Launch Quantum Literacy Bootcamps
Offer hands-on workshops for faculty and students on Qiskit, Q#, and Cirq. Just as libraries offer Python and data visualization bootcamps, they should offer “Quantum for Beginners” workshops.
Create a Quantum Development Lab
Set up quantum development workstations in the library with access to quantum simulators and coding environments like Qiskit, Q#, and Cirq.
Build Expertise & Hire Quantum Librarians
Train library staff or hire a Quantum Librarian. If you already have Data Science Librarians, give them a professional development path to become Quantum Research Liaisons.
Collaborate on Grants
Support faculty working on NSA and NIST-funded post-quantum cryptography projects. Libraries can offer grant support for Data Management Plans (DMPs) and serve as co-investigators on NSF and DOE grants.
Create a Research Data Repository for Quantum Research
Just as libraries host institutional repositories for datasets and open access publications, they should create a dedicated space for quantum research datasets, software, and reproducible workflows.
The Future of Libraries & Quantum
The transition from data support, to HPC to quantum computing is no longer hypothetical. Research is already happening. Students are already being trained. Cybersecurity, cryptography, and critical infrastructure protection are at stake.
Libraries can—and must—play a role.
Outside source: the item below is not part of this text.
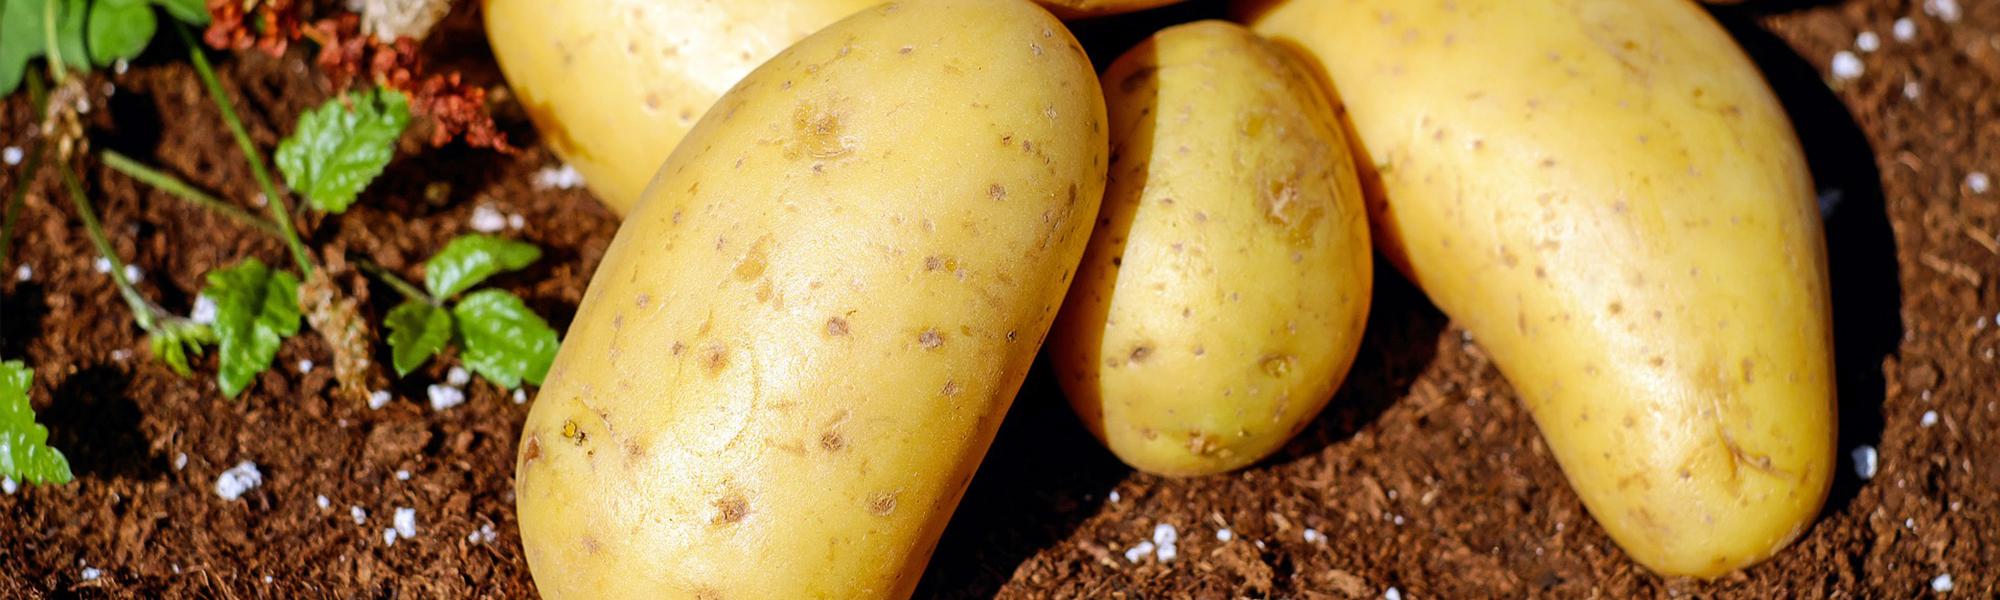 Umidificazione di patate e tuberi
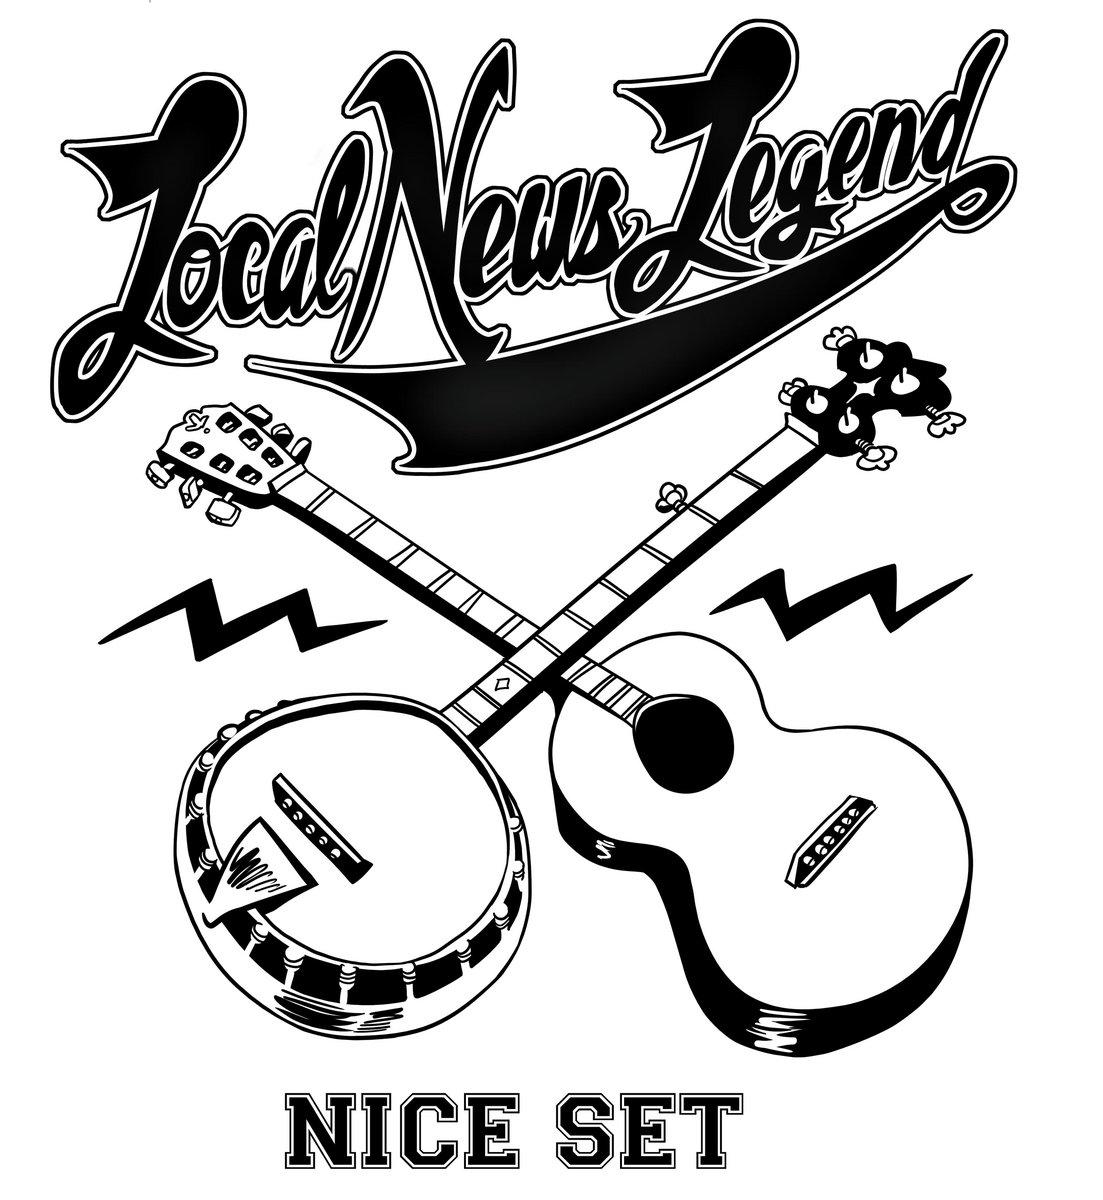 Nice Set   LocalNewsLegend

The opportunity to lead is here. Will libraries lead from the front or wait for others to act?
If you’re in libraries, higher education, or research support, I’d love to hear from you:
- Are you seeing any quantum-related initiatives at your library or university?
- What role do you think libraries should play in quantum support?
I’m committed to ensuring that libraries take an active role in shaping how AI and quantum computing converge. As quantum capabilities expand, they will supercharge AI, enabling faster model training, more complex simulations, and advances in areas like quantum machine learning (QML) and quantum neural networks. This shift will fundamentally alter how libraries support research and education. Through my work with C3 Innovation and collaboration with faculty on campus actively engaged in quantum initiatives, I’m focused on elevating quantum research and application at the institutional level. If libraries wait for these changes to arrive, they’ll be playing catch-up in a world that has already moved on. We must get on the train now by building quantum-ready infrastructures, supporting post-quantum cybersecurity, and positioning libraries as hubs for quantum-AI collaboration. By taking action today, libraries can own their future, not just react to it. This means establishing Quantum Development Labs, training Quantum Research Liaisons, and embedding libraries as core partners in NSF, DOE, and DARPA-funded AI-quantum hybrid projects. If libraries lead now, they won’t just survive the shift — they’ll define it.